# EXERCISE PROMPT
With the images removed, repeat the data below exactly.

# RAW DATA
+===+

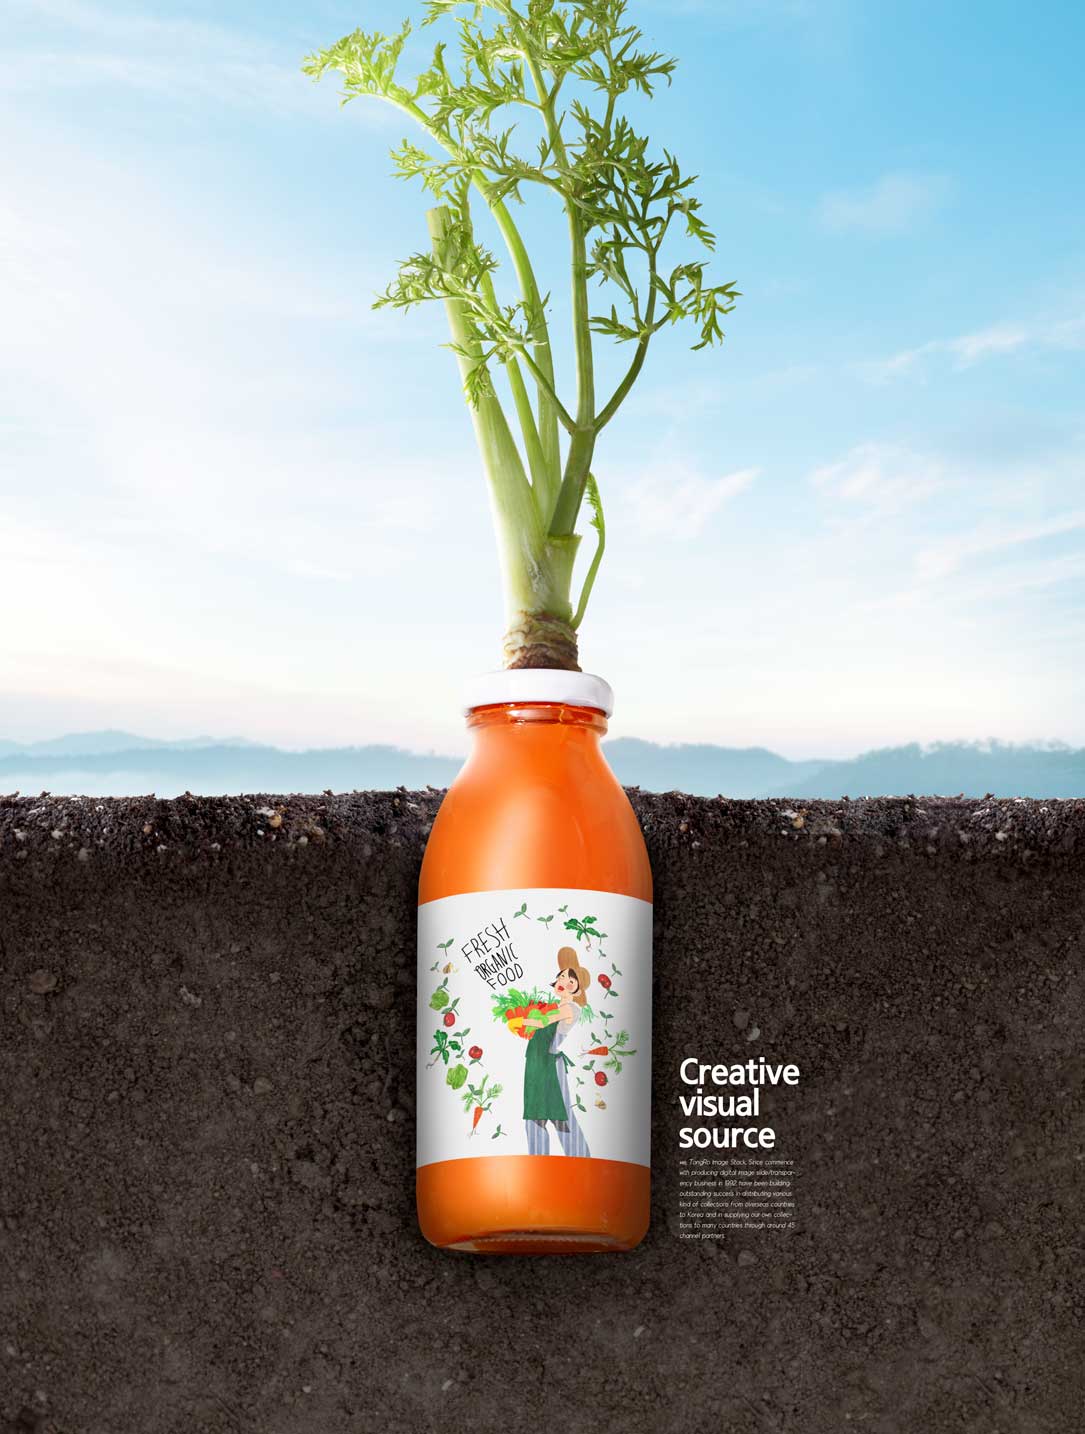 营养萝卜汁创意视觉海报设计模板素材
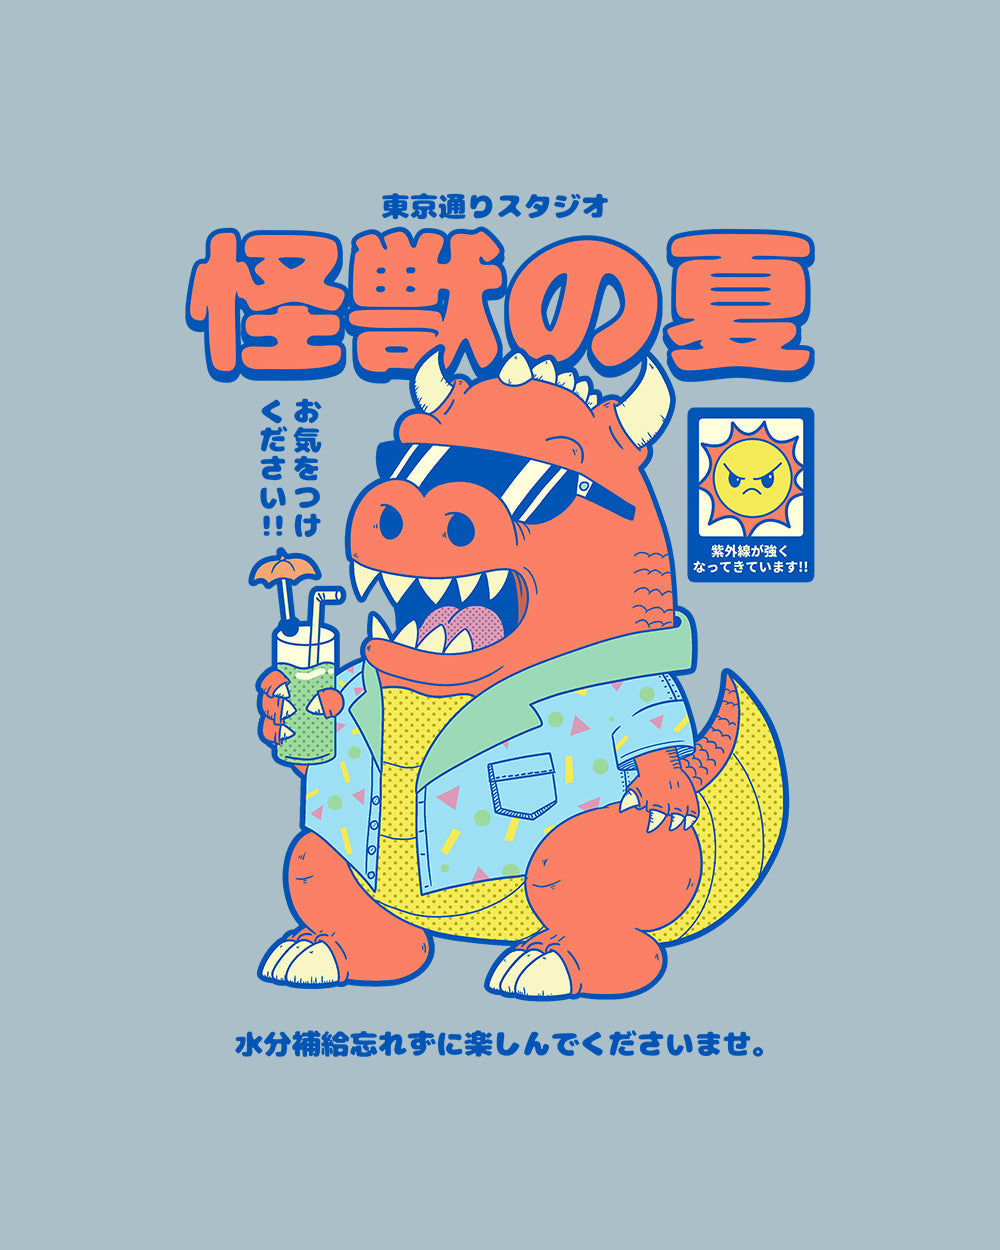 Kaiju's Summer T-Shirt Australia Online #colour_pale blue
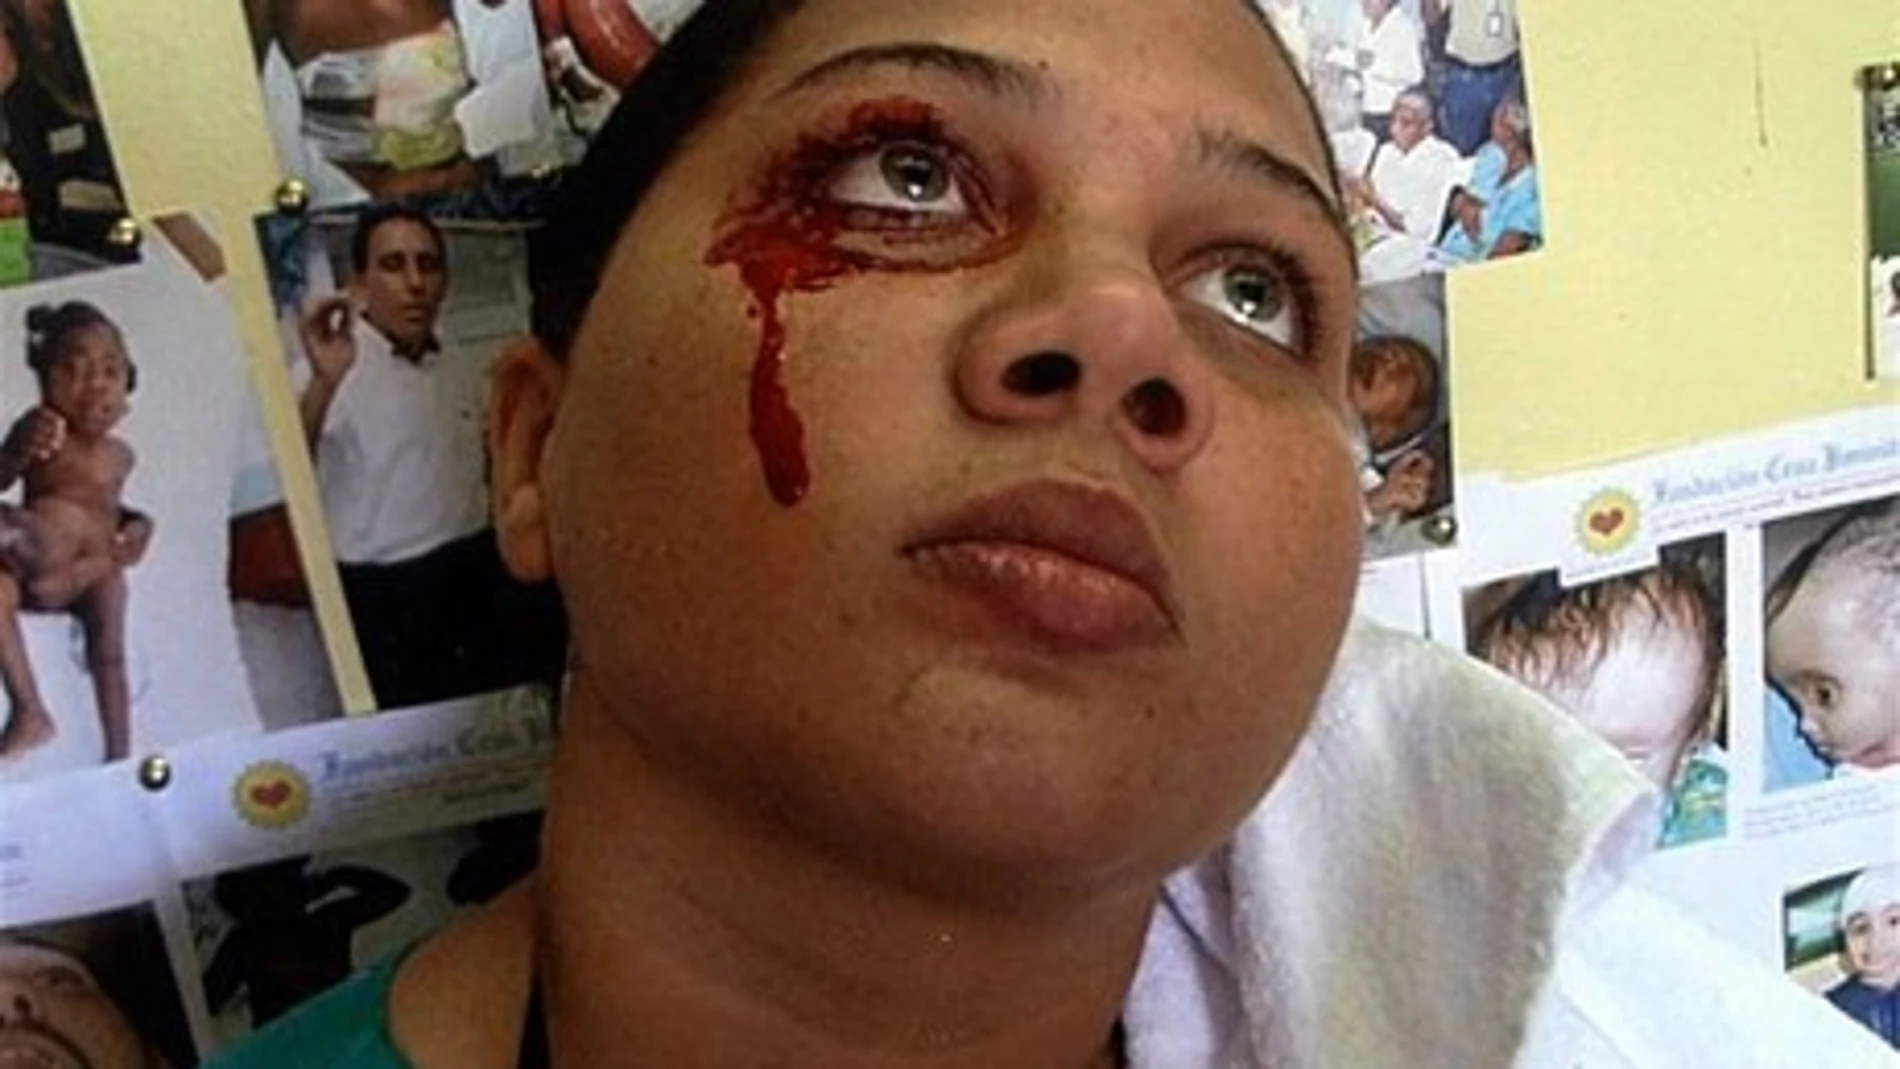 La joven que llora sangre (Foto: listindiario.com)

+===+

# REPLY TO THE EXERCISE
 营养萝卜汁创意视觉海报设计模板素材
 Kaiju's Summer T-Shirt Australia Online #colour_pale blue
 La joven que llora sangre (Foto: listindiario.com)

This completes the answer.